COLLECTED MATERIAL>
________________________________________

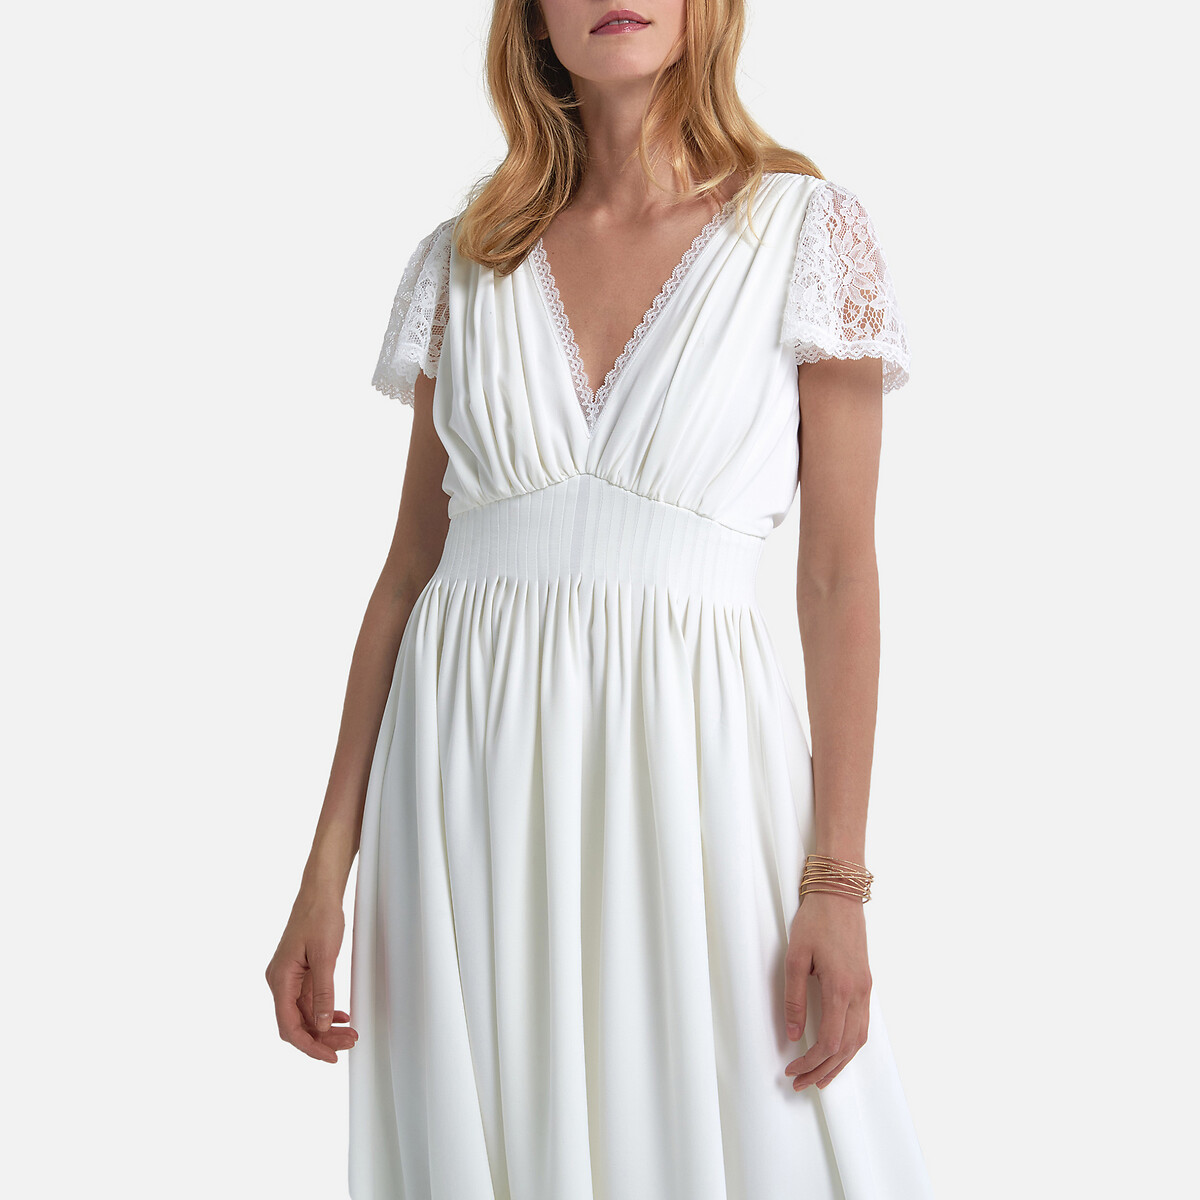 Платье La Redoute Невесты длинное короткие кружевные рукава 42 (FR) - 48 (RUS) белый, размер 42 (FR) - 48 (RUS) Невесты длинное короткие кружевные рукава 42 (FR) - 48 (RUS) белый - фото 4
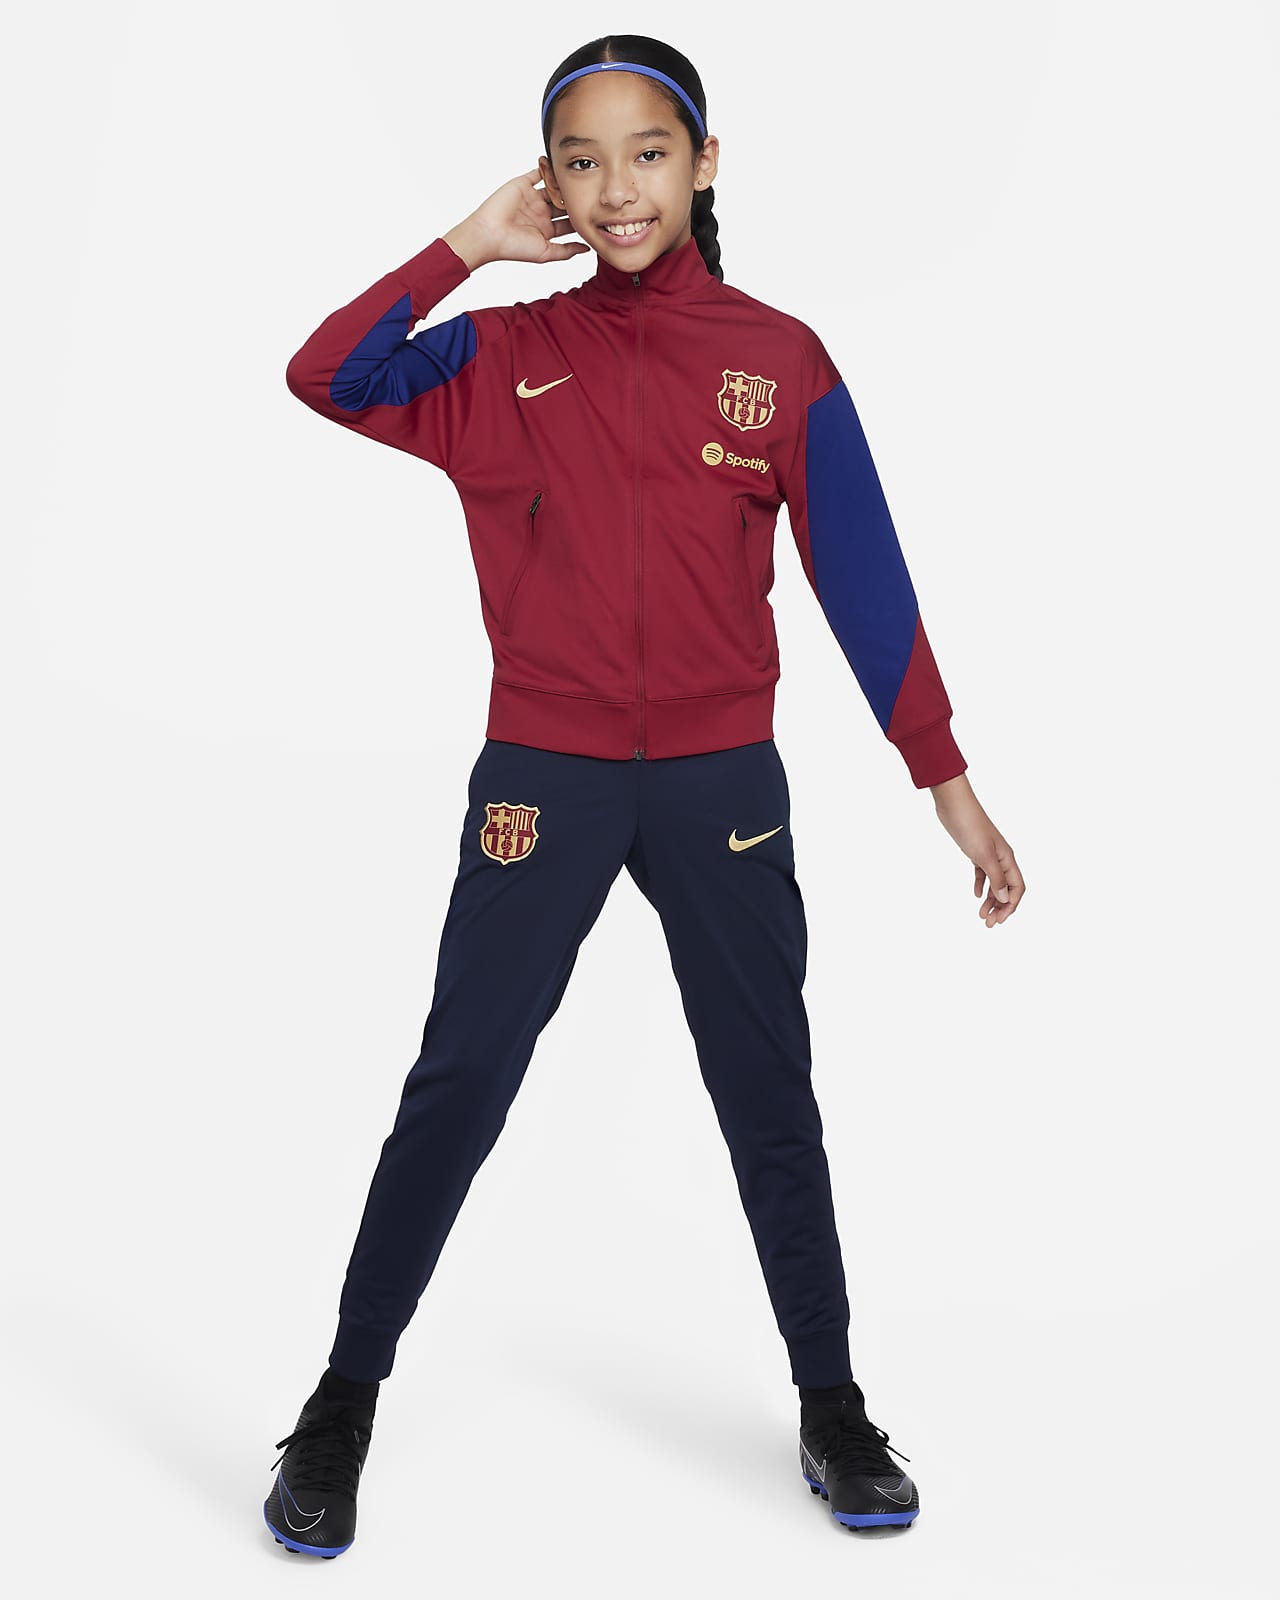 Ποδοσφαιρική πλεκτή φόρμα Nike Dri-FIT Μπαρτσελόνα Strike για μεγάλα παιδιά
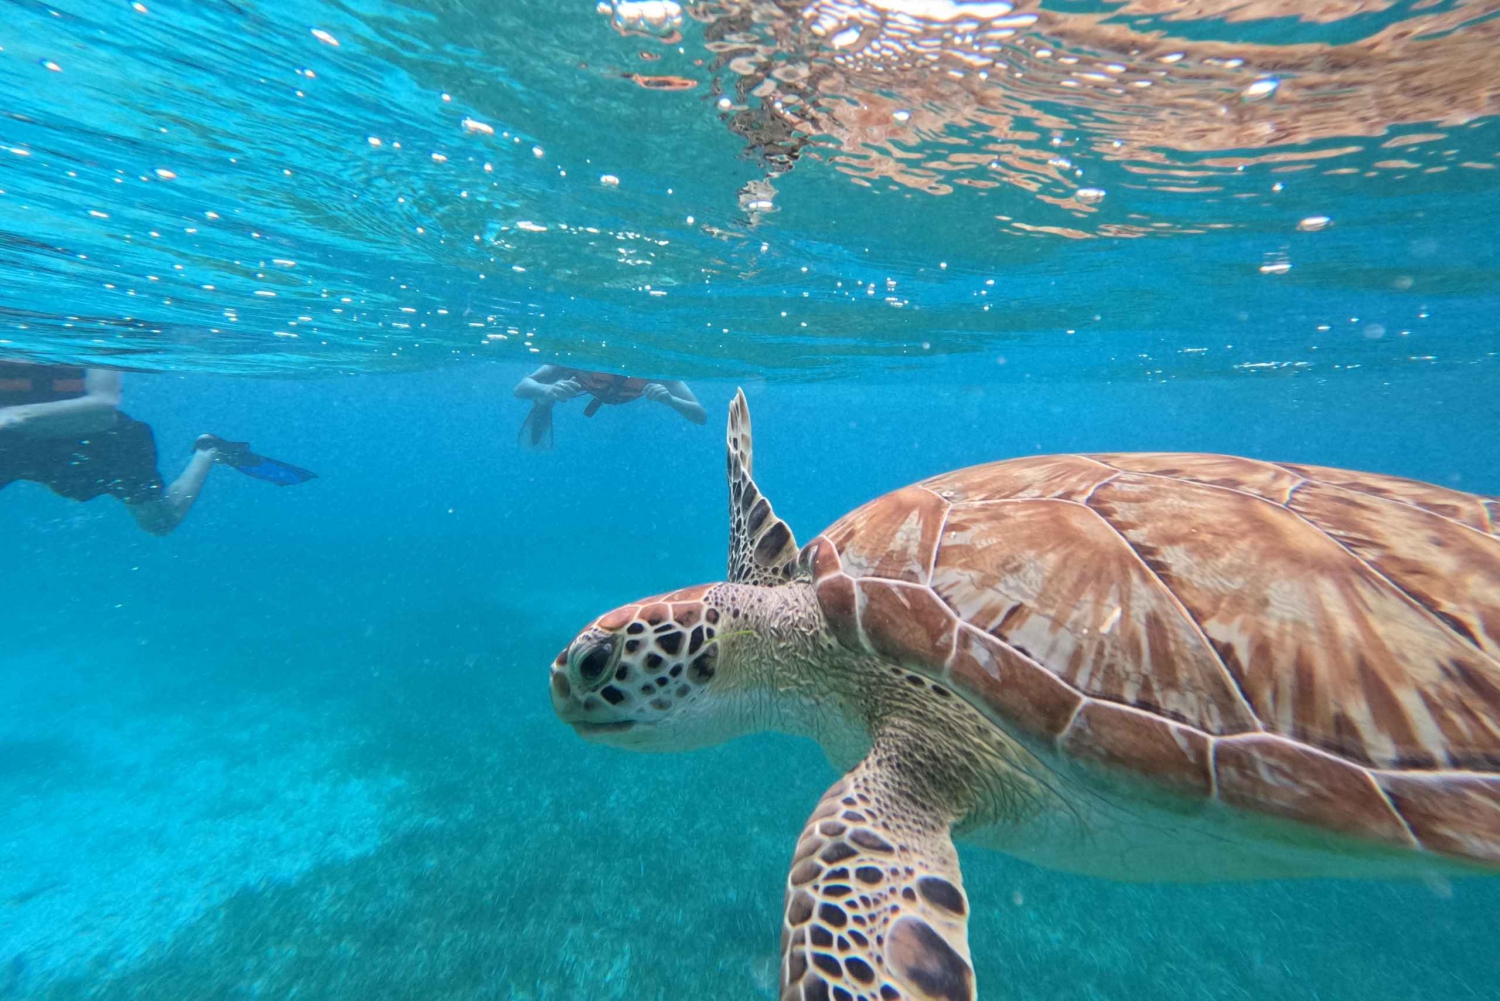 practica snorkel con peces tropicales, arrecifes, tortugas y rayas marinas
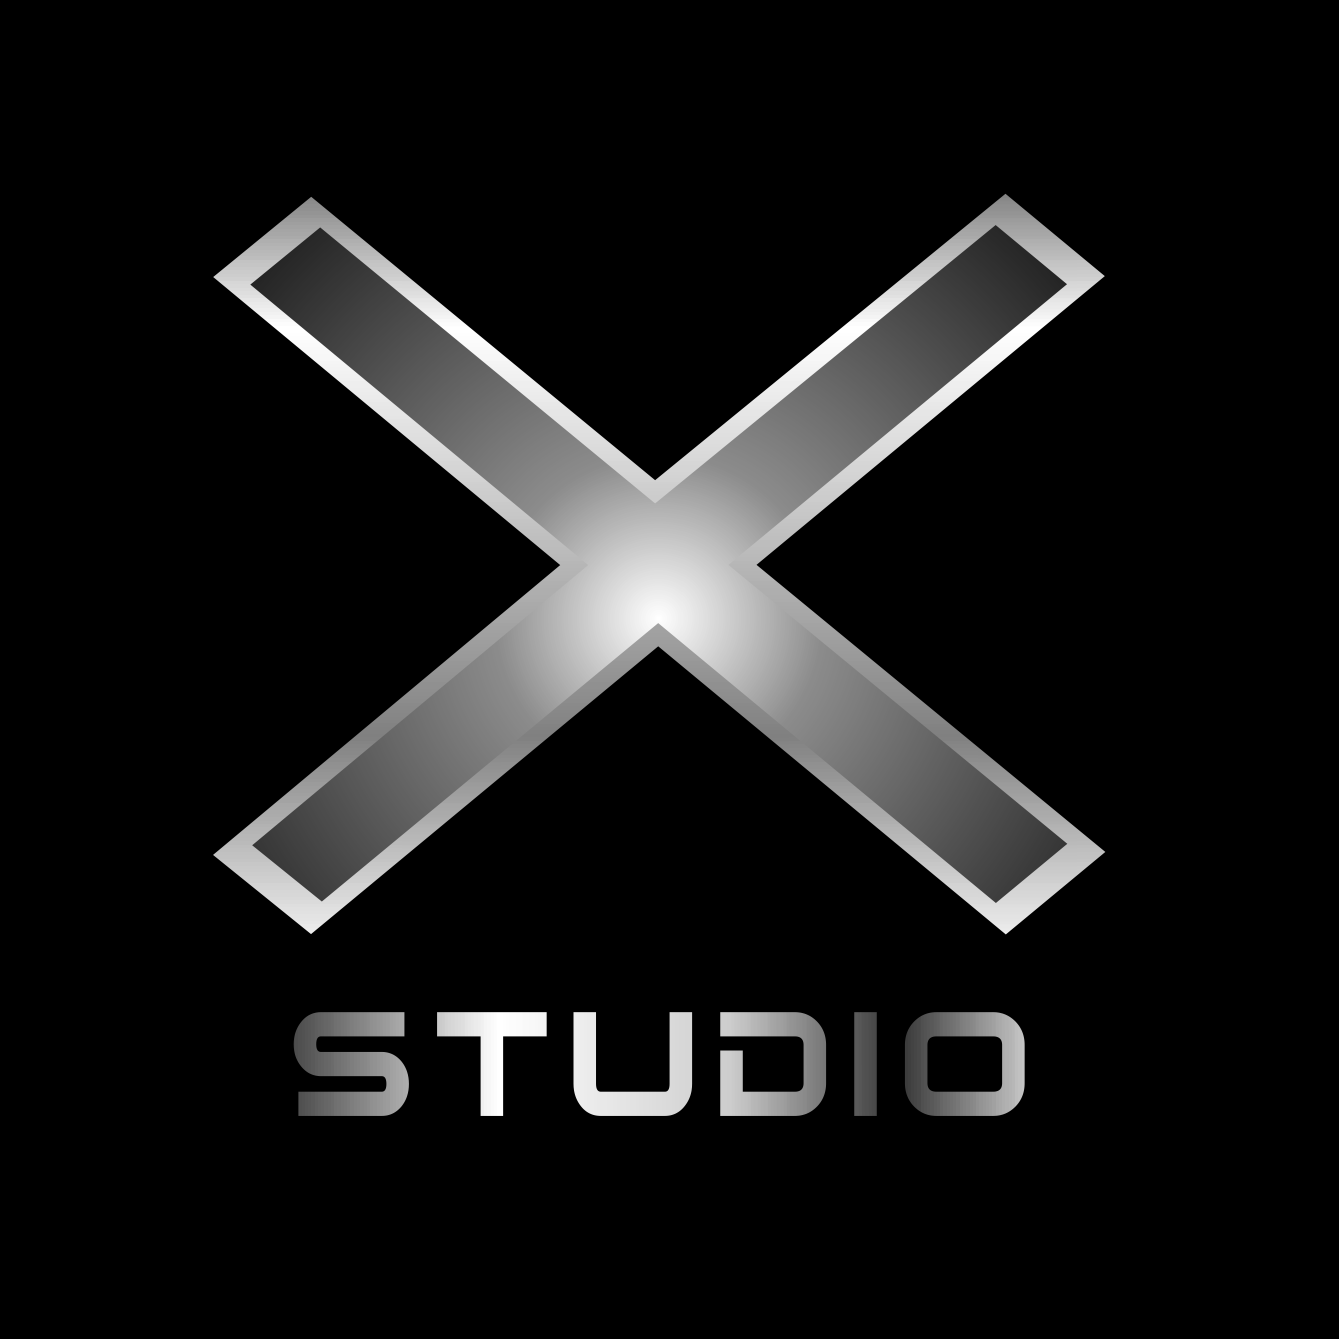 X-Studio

________________________________________

ASSIGNMENT>
Copy the material above in full and exactly, skipping pictures.

EXERCISE RESULT>
 Платье La Redoute Невесты длинное короткие кружевные рукава 42 (FR) - 48 (RUS) белый, размер 42 (FR) - 48 (RUS) Невесты длинное короткие кружевные рукава 42 (FR) - 48 (RUS) белый - фото 4
 Ποδοσφαιρική πλεκτή φόρμα Nike Dri-FIT Μπαρτσελόνα Strike για μεγάλα παιδιά
 practica snorkel con peces tropicales, arrecifes, tortugas y rayas marinas
 X-Studio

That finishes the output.